It is no secret to the inhabitants of Beverly Hills that Iranian Jews are not ordinary Jews. About 40 years ago, when the wave of Jewish Iranians fleeing the Islamic revolution arrived in Beverly Hills, it brought with it Nowrouz, otherwise known as the Persian New Year. The majority of Jews in exile celebrate the Persian New Year, which, following the solar calendar, usually occurs a few days before or after Purim, celebrating the onset of spring. Although Nowrouz originates in Zoroastrianism, it is considered a secular holiday. To celebrate, Iranians set up a table called Haft-Seen with seven obligatory items whose names begin with “s.” The goldfish, whose name does not begin with an “s,” is exempt from this rule. It is there to represent the stars and their movements with its sparkling gold color and circular swimming pattern. Moments before our planet shifts into a new path around the sun, Iranians, along with Afghans, Tajiks, Uzbeks, Turks, Kurds and some other nationalities, gather around the table, filling their hearts with hopes and dreams for the New Year.

Remarkably, this holiday still thrives 900 years after the arrival of Islam in Iran. The new rulers may have managed to convert all but a negligible portion of Iranians to Islam, destroyed Zoroastrian literature in its entirety and changed the Persian alphabet to Arabic script, but Nowrouz survived. Along with the Persian language, Nowrouz defied this cultural annexation. 

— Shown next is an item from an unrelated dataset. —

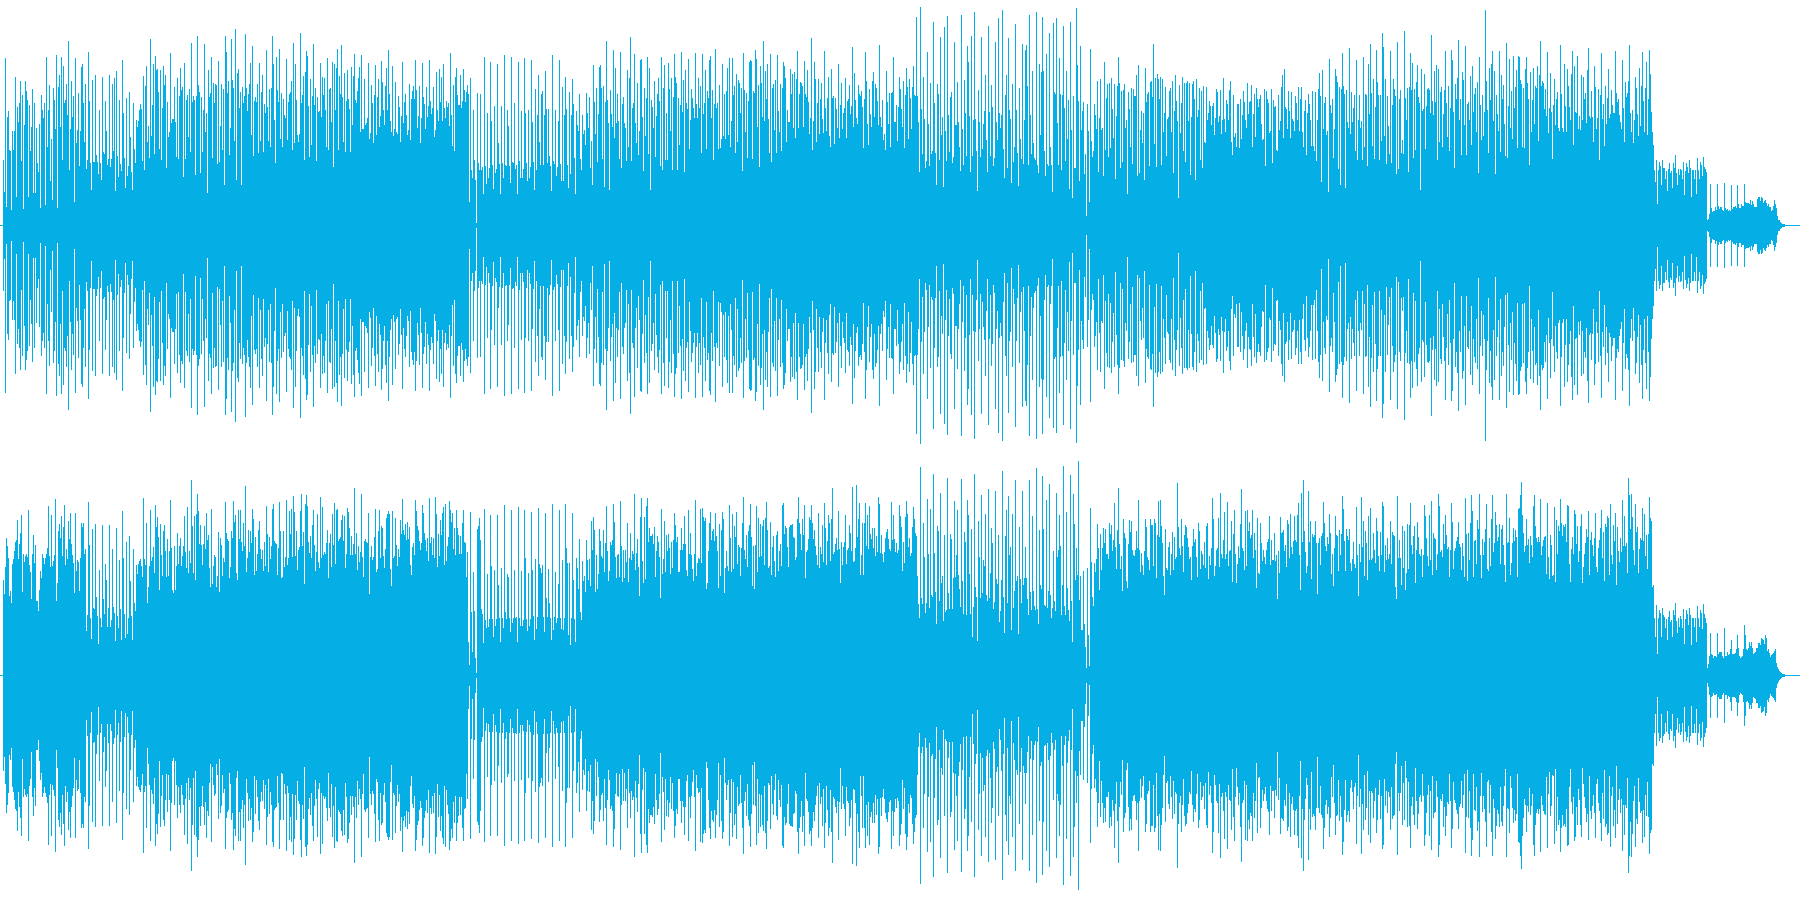 シンセサイザーによるかわいらしいポップスの再生済みの波形

In the Iran of the 1970s when I was growing up, this holiday was all the rage. Spring cleaning began a month before, and people rushed to prepare for the festivities. At least 15 days before the end of the year, everyone grew Sabzeh, a plate of green-colored sprouts, to decorate their Haft-Seen table. Garlic (seer), apple (seeb), vinegar (serkeh), gold coins (sekeh), sweet pudding (samanou), dried oleaster (senjed) with additional items such as a mirror, a prayer book, a poetry book and, of course, the bowl of goldfish, would be laid out for a period of two weeks. The country would revel in festivities until Sizdah-beh-dar, when the entire nation would welcome the spring and the new year by picnicking and becoming one with nature. 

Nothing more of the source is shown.